While I was still in labor, I realised that the baby wasn't mine and I would have to give it away. I started regretting my choice, because the baby even though having my cousin and brother-in-law as biological parents, was still mine in some way. I would have to see her at every family meeting and know that she would be near me and still I would have to act as though she were just my niece.
I picked up the small towel my mother had placed on the bed and wiped some excess blood. I was bleeding a little. The labor wasn't hurting even though I was prepared for it to really, really hurt.
Then, suddenly, I can see things from outside my body. I am in a helicopter, which is going to land ln a hospital (a really tall shiny black building) and I can hear the pilot giving landing information. I can see the helicopter arriving on the Helipad from the roof. It's very windy.
Next scene, again, I can see what's happening outside. The understanding is that the dream me is in a birthing room, but outside, I can see children playing and waiting for their parents (members of my extended family, waiting in the hospital).
Then, my dream changed focus. Instead the dream being about me and my birth experience, it is about those children. One is wearing blue clothes, and they are just kids being kids, playing. Then they go on an "adventure', at which point I woke up.
Can anyone please help me understand what this means? Thank you!

----------


## Gordon Jerome

Hello Ginevra,  :OK Bye now: 

I'd like to take a shot at interpreting this dream, but I need a little extra info:

How old are you?
What country do you live in and what major part of that country? (e.g., I'm in the Southeastern United States)?
What is your ethnicity (e.g., I'm German/English)?
When did you have this dream?
Is it reoccuring or a one-time dream?
Finally, what is your astrological sign?

I hope to hear back from you.

Sincerely,

Gordon

----------


## ginevra921

Hi Gordon!

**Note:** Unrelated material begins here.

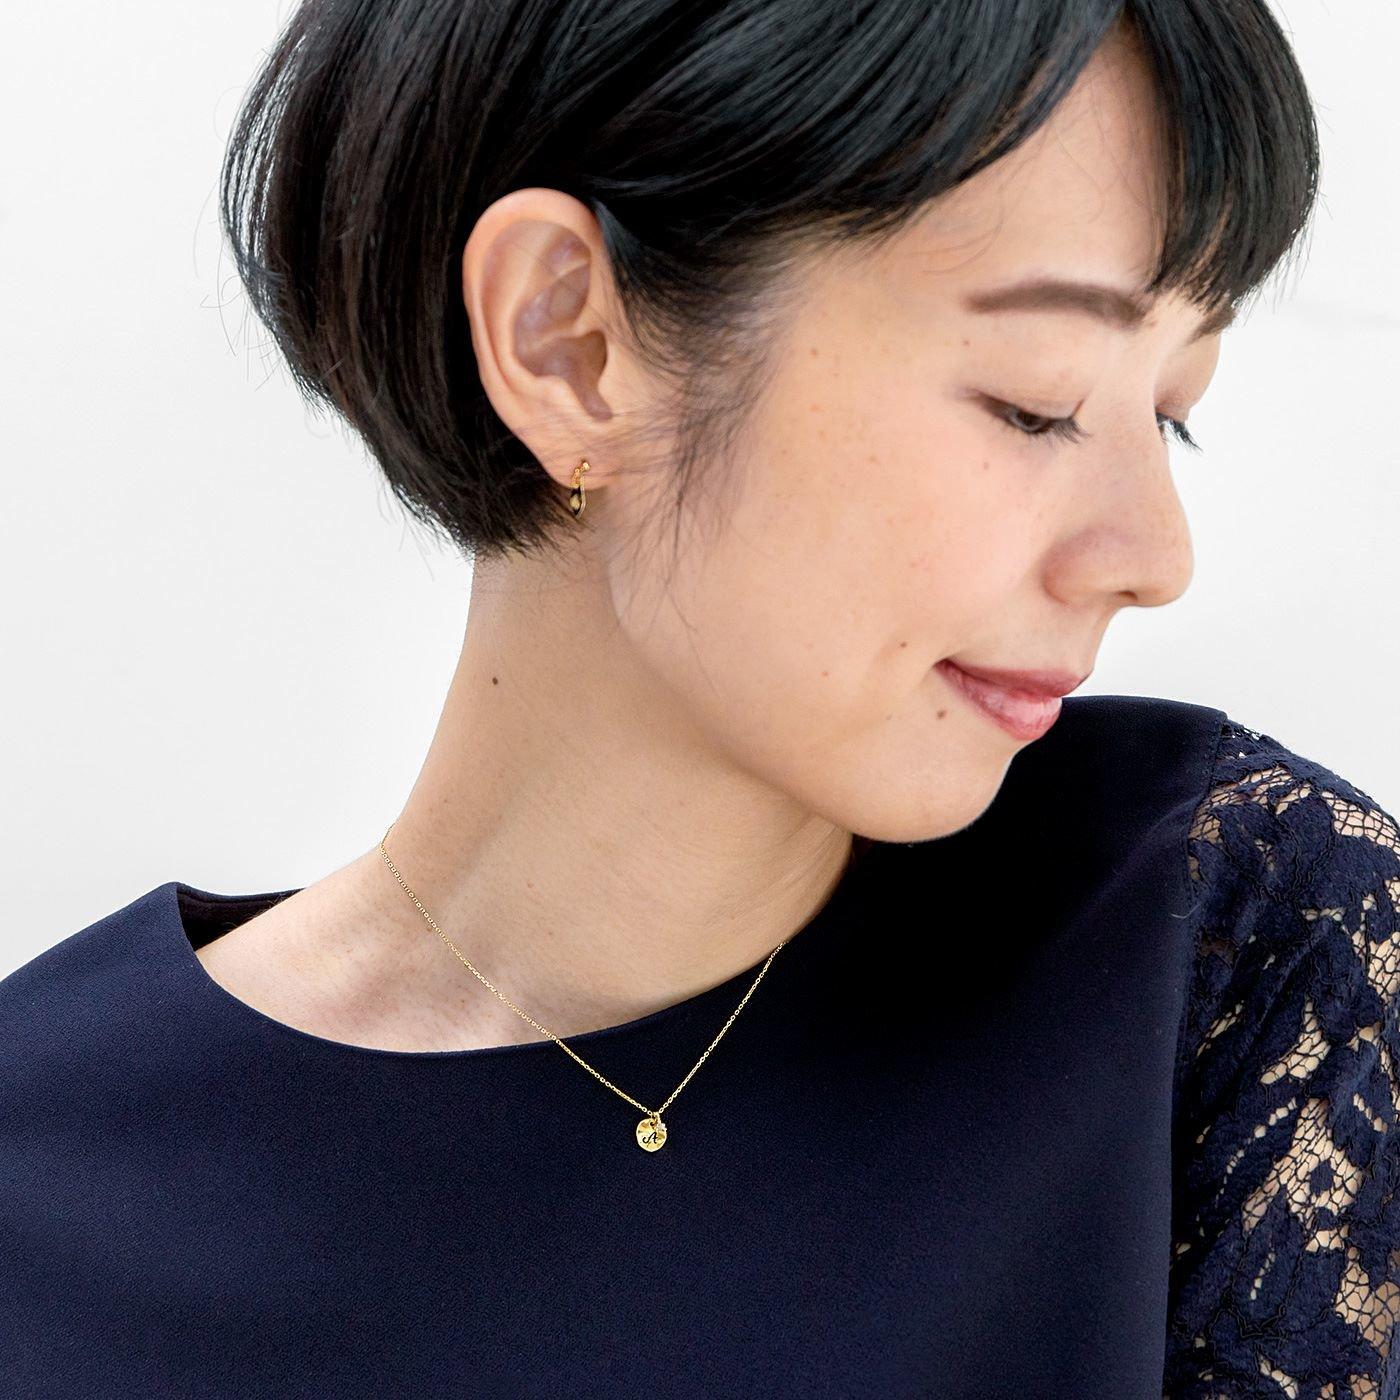 ダイヤモンドが寄り添う 小さなイニシャルプレートのネックレス

Thanks a lot for trying to help me understand my dream. 

Here's the extra info you needed:
I'm 20 years old, soon to be 21.
I live in Mauritius (an island) and my home is roughly at the centre of it.
I had this dream on the night of Sunday the 19th to Monday the 20th of July.
It's a one-time dream but I often have dreams where I am either pregnant or watching over children, on average maybe once per month.
And finally, I'm a Virgo/Libra cuspian.

I hope that will help you help me  :smiley: 

Regards,
Ginevra

----------


## Gordon Jerome

> Hi Gordon! Thanks a lot for trying to help me understand my dream. 
> 
> Here's the extra info you needed:
> I'm 20 years old, soon to be 21.
> I live in Mauritius (an island) and my home is roughly at the centre of it.
> I had this dream on the night of Sunday the 19th to Monday the 20th of July.
> It's a one-time dream but I often have dreams where I am either pregnant or watching over children, on average maybe once per month.
> And finally, I'm a Virgo/Libra cuspian.
> 
> ...



Hello Ginevra,

Thanks for the information you provided, but what would you call your ethnicity? White, black, African, Islander, English, etc.? And also, in my system of astrology, there are no cusp signs, one is either a Virgo or Libra, can you tell me your birth date? You don't have to, but if you know the time and place of your birth, that would help, too. But I don't have to have that. Just the date will work to determine Virgo or Libra for me.

I'm not stalling or anything, you'll have this interpretation within a day, I just need this info in order to do it.

Hope to hear back from you.

Sincerely,

Gordon

----------


## ginevra921

Hi Gordon,

Looks like I missed a question! Well concerning ethnicity I guess I'm Brown, because my ancestors came from India.

About my astrological sign, I was born on the 21st of September. I've always thought of myself as a Virgo, but a few months ago I was browsing on the Internet and found out about cusps. Since then I have considered that I am a bit of both. But please, use whichever one you think is appropriate for the dream interpretation  :smiley:  I was born in the afternoon, at maybe 3 p.m. but I can't tell you for sure as I'm not certain of it myself! I was born in Mauritius, a few miles away from where I live now.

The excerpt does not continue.